• WHAT THE EXERCISE ASKS: Copy out each line of the entries below in which the string "Peugeot" appears.

Dataset items:
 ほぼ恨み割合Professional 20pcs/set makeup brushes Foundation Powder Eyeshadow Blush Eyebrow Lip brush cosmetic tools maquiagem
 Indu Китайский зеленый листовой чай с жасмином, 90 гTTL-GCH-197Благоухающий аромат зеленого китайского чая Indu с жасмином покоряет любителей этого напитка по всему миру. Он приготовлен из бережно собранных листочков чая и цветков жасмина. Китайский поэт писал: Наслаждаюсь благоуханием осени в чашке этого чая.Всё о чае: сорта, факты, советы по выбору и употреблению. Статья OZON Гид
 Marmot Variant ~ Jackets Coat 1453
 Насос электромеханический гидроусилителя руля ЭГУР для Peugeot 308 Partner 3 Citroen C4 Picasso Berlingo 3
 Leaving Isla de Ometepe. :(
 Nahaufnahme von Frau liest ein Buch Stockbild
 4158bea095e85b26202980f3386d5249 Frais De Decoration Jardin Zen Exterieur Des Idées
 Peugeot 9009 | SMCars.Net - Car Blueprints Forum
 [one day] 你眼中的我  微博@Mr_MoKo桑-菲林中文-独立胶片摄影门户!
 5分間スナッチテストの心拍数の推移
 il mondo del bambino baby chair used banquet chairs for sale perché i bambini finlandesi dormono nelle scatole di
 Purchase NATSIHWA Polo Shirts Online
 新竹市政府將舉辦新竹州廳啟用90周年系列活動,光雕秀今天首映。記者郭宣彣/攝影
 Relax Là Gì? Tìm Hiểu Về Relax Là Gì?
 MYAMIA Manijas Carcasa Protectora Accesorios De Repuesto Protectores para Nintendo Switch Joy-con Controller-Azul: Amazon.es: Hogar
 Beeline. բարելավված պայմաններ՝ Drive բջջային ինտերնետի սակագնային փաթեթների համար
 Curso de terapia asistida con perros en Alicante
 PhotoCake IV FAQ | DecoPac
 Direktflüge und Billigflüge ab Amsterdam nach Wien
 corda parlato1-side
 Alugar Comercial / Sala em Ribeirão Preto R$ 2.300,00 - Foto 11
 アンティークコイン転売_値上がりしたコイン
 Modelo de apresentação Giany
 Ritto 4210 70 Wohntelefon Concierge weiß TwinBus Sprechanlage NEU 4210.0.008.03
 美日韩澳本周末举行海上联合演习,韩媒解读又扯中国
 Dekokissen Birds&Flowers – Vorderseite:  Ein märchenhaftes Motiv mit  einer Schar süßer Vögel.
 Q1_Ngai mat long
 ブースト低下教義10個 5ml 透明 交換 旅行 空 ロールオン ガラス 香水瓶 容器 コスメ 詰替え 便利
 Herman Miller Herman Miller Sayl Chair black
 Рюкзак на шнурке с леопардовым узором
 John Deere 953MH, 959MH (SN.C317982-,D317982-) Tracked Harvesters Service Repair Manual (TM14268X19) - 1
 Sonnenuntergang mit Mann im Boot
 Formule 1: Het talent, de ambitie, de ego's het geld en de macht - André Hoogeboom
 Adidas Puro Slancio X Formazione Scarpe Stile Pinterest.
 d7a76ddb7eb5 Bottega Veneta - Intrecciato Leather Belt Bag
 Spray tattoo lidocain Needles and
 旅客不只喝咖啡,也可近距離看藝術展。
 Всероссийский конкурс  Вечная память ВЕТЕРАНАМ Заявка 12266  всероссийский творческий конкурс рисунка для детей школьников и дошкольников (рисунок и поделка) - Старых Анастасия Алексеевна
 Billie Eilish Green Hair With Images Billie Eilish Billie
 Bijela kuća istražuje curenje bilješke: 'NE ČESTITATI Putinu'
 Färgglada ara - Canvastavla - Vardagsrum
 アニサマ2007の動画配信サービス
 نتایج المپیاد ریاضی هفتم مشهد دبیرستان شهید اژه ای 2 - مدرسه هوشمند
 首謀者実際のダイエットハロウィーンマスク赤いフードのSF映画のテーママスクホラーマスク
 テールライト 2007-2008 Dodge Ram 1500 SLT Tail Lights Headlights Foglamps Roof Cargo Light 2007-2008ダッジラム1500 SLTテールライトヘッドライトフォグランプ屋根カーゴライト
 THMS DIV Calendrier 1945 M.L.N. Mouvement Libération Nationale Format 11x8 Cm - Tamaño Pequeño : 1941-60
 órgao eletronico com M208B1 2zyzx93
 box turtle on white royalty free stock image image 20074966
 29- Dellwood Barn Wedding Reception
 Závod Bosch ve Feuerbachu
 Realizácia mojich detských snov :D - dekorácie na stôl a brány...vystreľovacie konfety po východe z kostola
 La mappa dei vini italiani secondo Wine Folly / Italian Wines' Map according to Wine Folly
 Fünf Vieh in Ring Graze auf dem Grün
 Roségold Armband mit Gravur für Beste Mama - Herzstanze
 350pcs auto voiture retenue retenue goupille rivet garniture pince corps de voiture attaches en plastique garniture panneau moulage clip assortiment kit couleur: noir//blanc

• OUTPUT:
 Насос электромеханический гидроусилителя руля ЭГУР для Peugeot 308 Partner 3 Citroen C4 Picasso Berlingo 3
 Peugeot 9009 | SMCars.Net - Car Blueprints Forum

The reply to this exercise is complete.